> _WORK REQUIRED_
Keep the images out while you retype all of the data exactly.

> _AVAILABLE DATA_
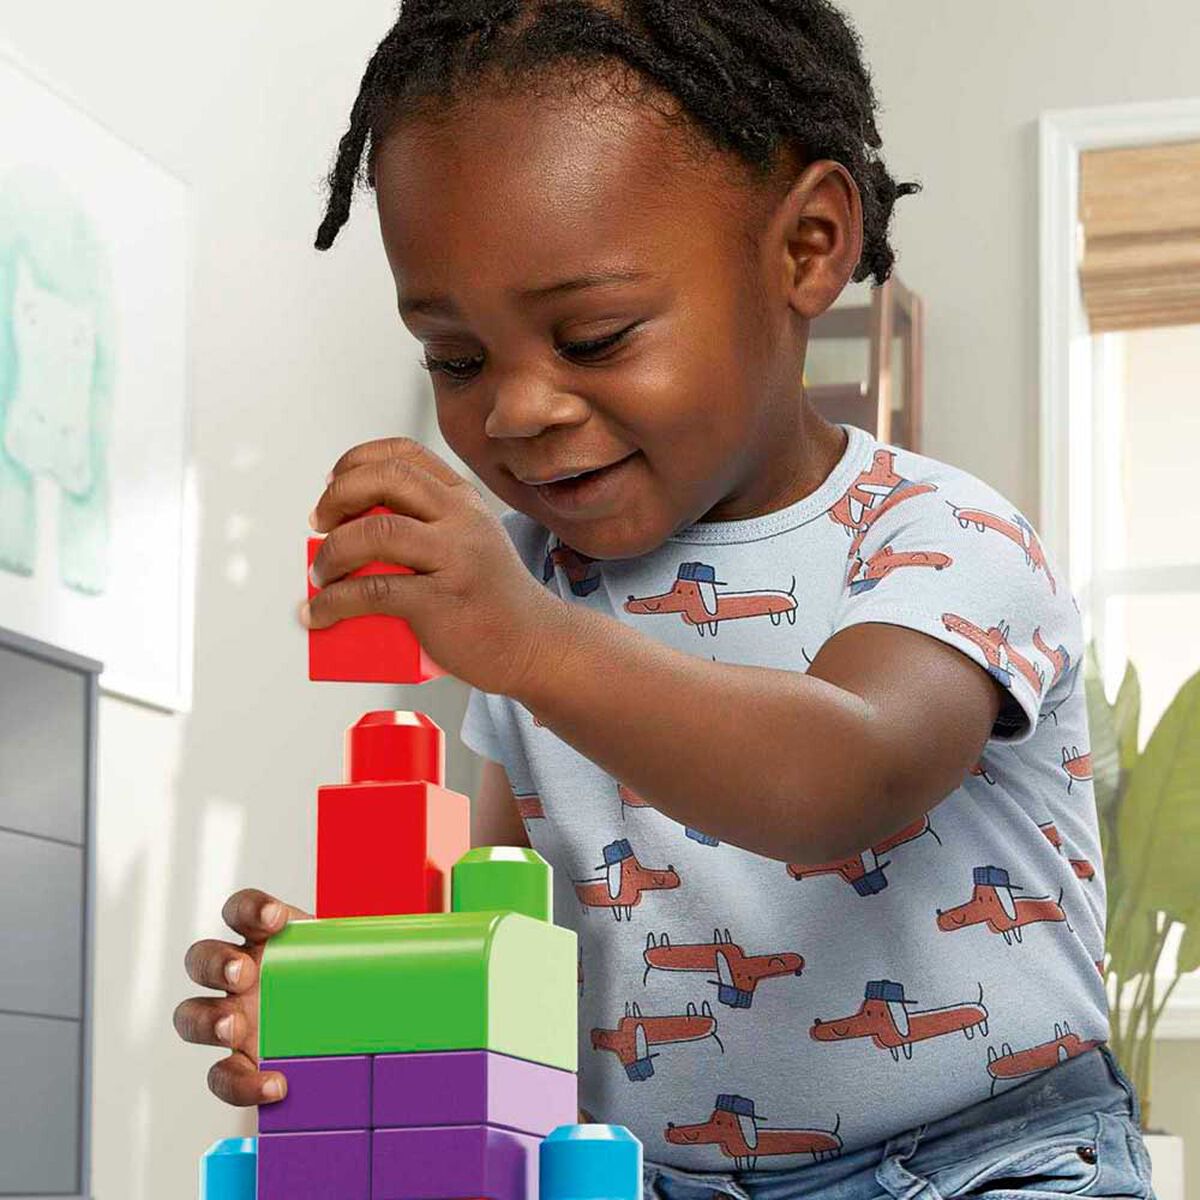 Juguetes Para Bebés, Mega Bloks Bolsa Clásica Con 60 Bloques De  Construcción, Juguetes Bebés 1 Año, Mega Bloks
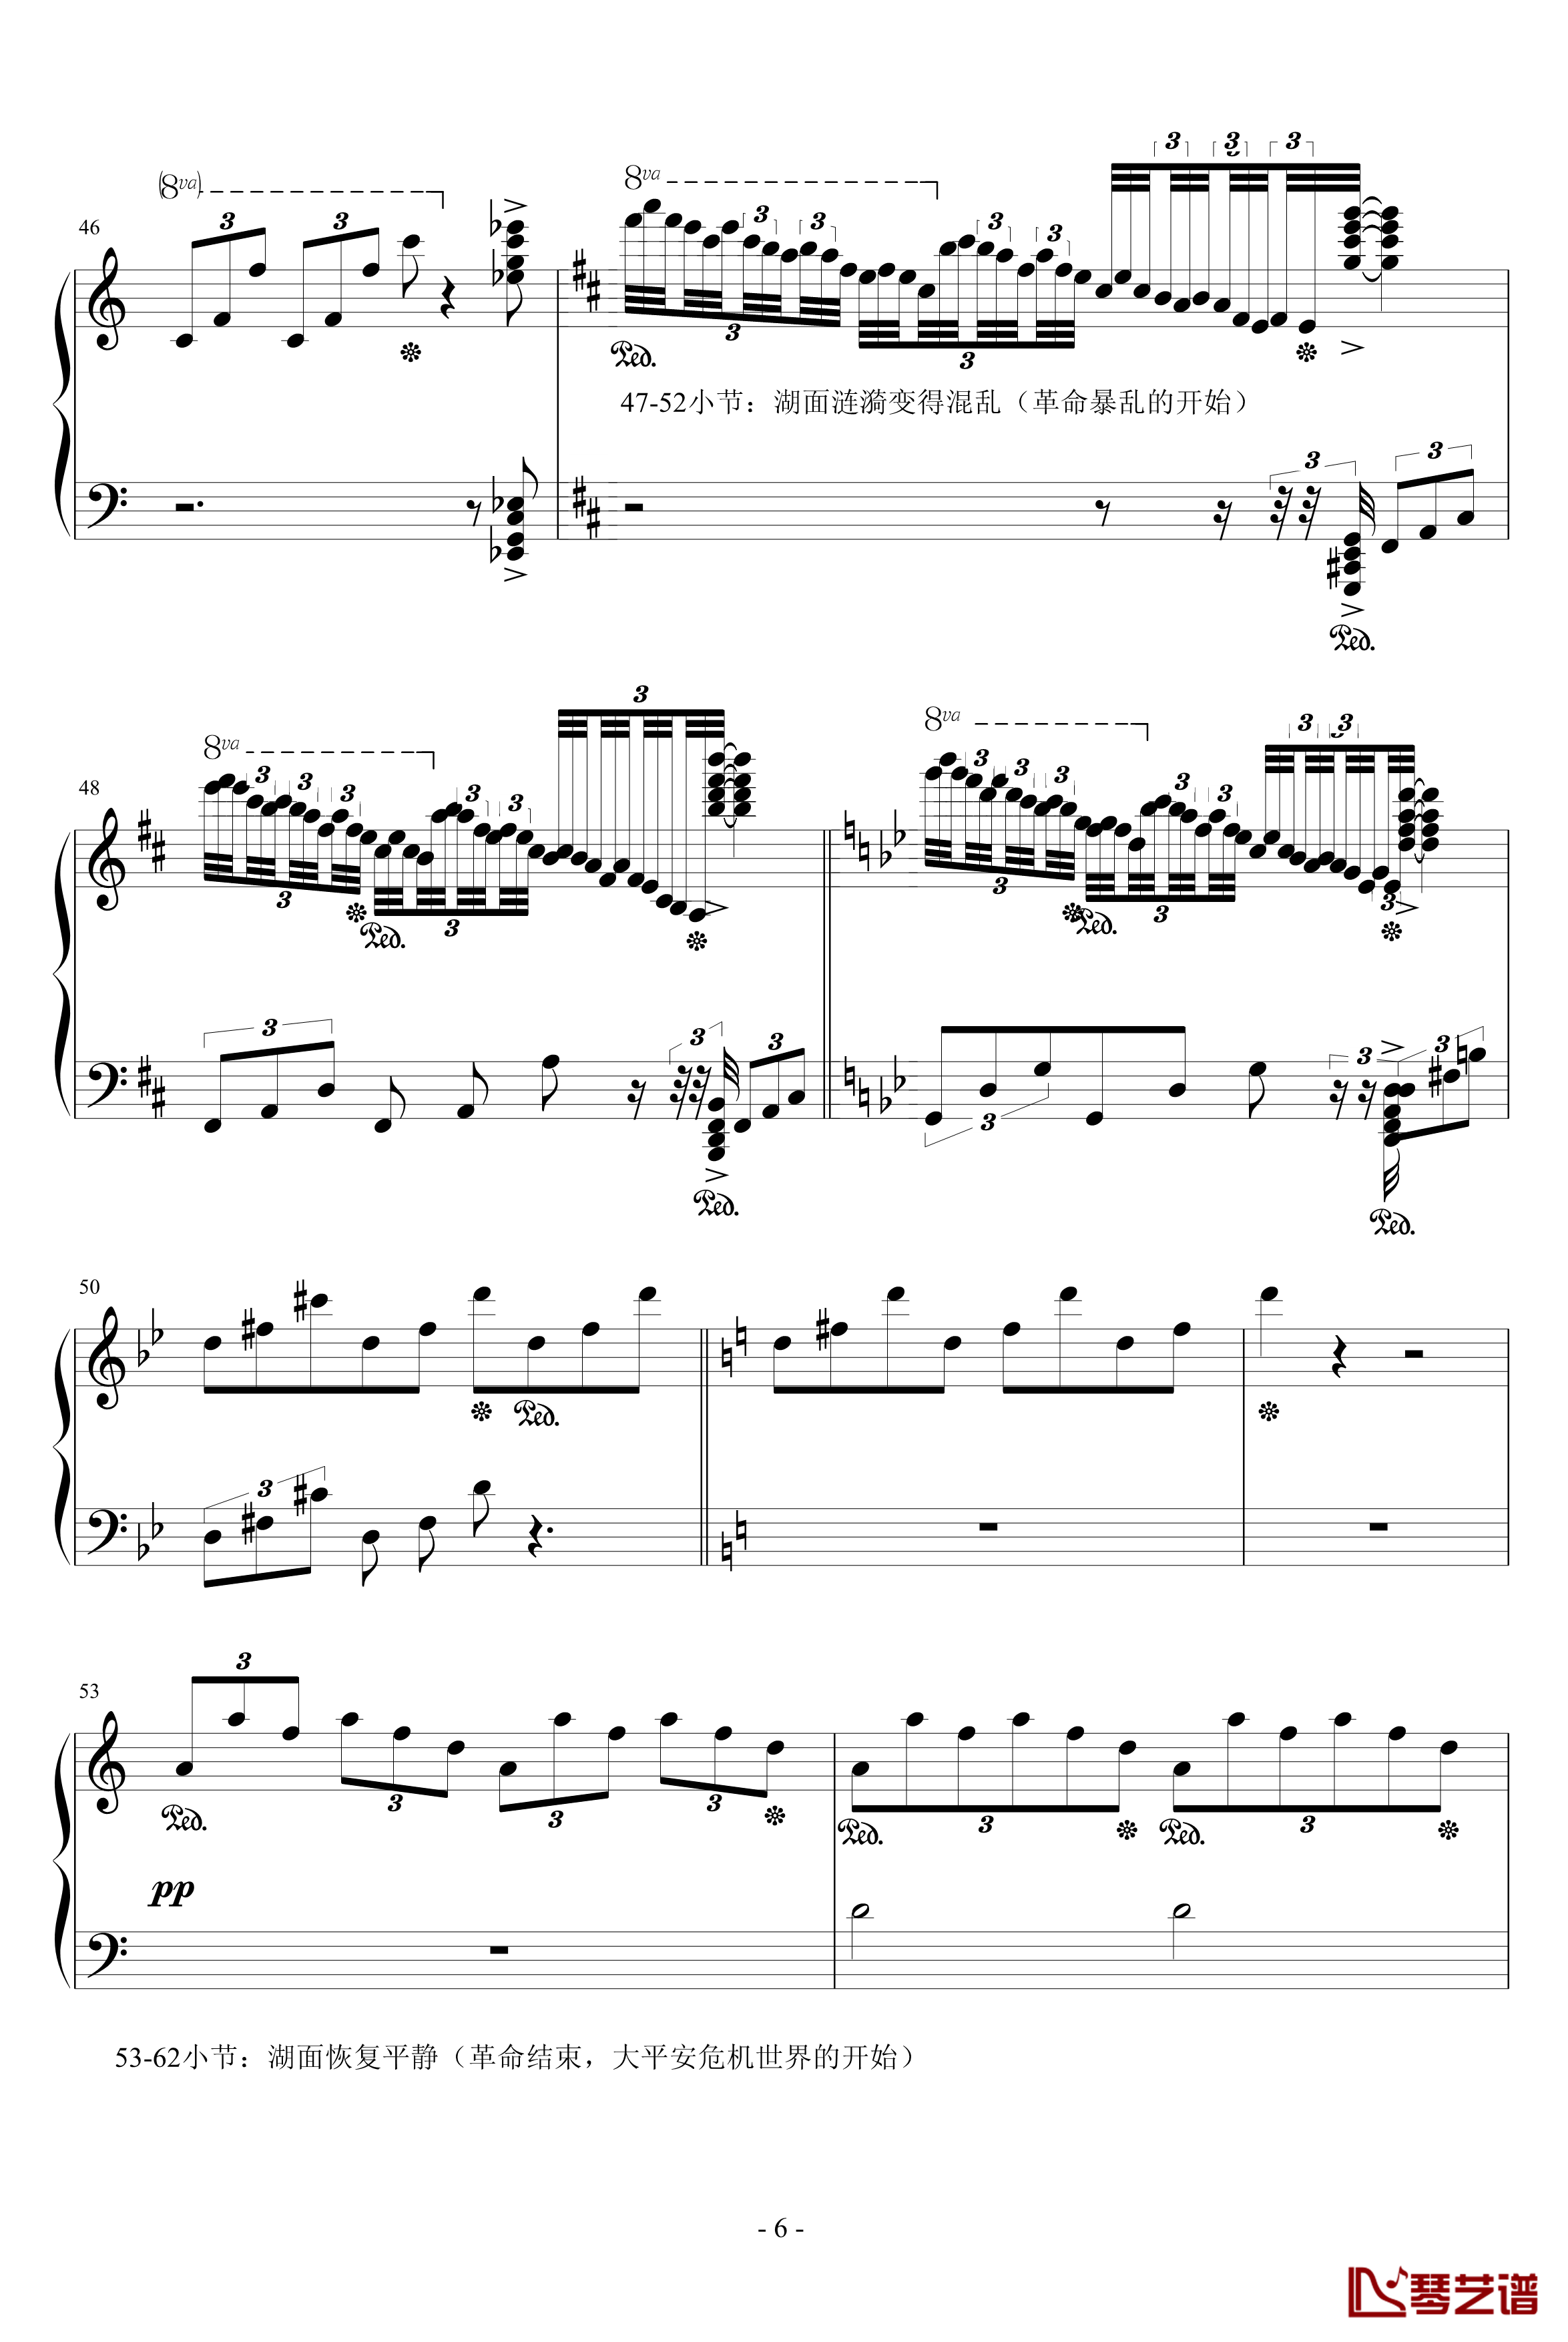 狂想曲涟漪钢琴谱-升c小调6
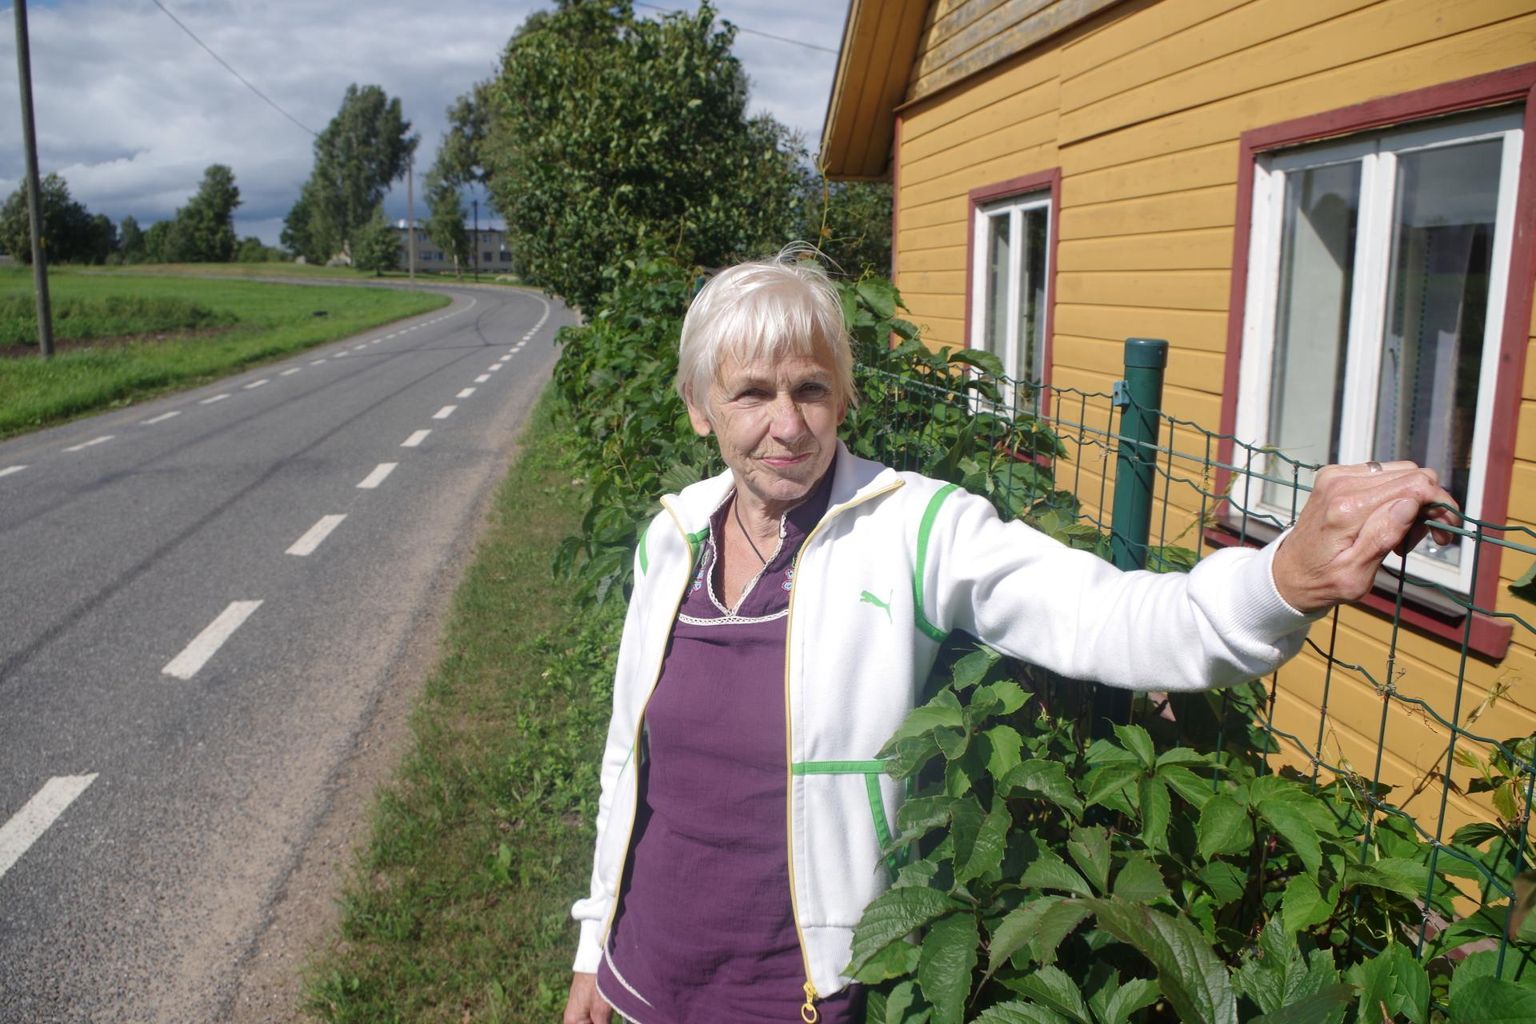 Navi küla elanik Elvi Sepp sooviks sõiduteel kiiruse piiramist, et tema koduakendest vähem lärmi sisse kostaks.

> _OUTPUT FOR THIS EXERCISE_
 Juguetes Para Bebés, Mega Bloks Bolsa Clásica Con 60 Bloques De  Construcción, Juguetes Bebés 1 Año, Mega Bloks
 狂想曲涟漪钢琴谱-升c小调6
 Navi küla elanik Elvi Sepp sooviks sõiduteel kiiruse piiramist, et tema koduakendest vähem lärmi sisse kostaks.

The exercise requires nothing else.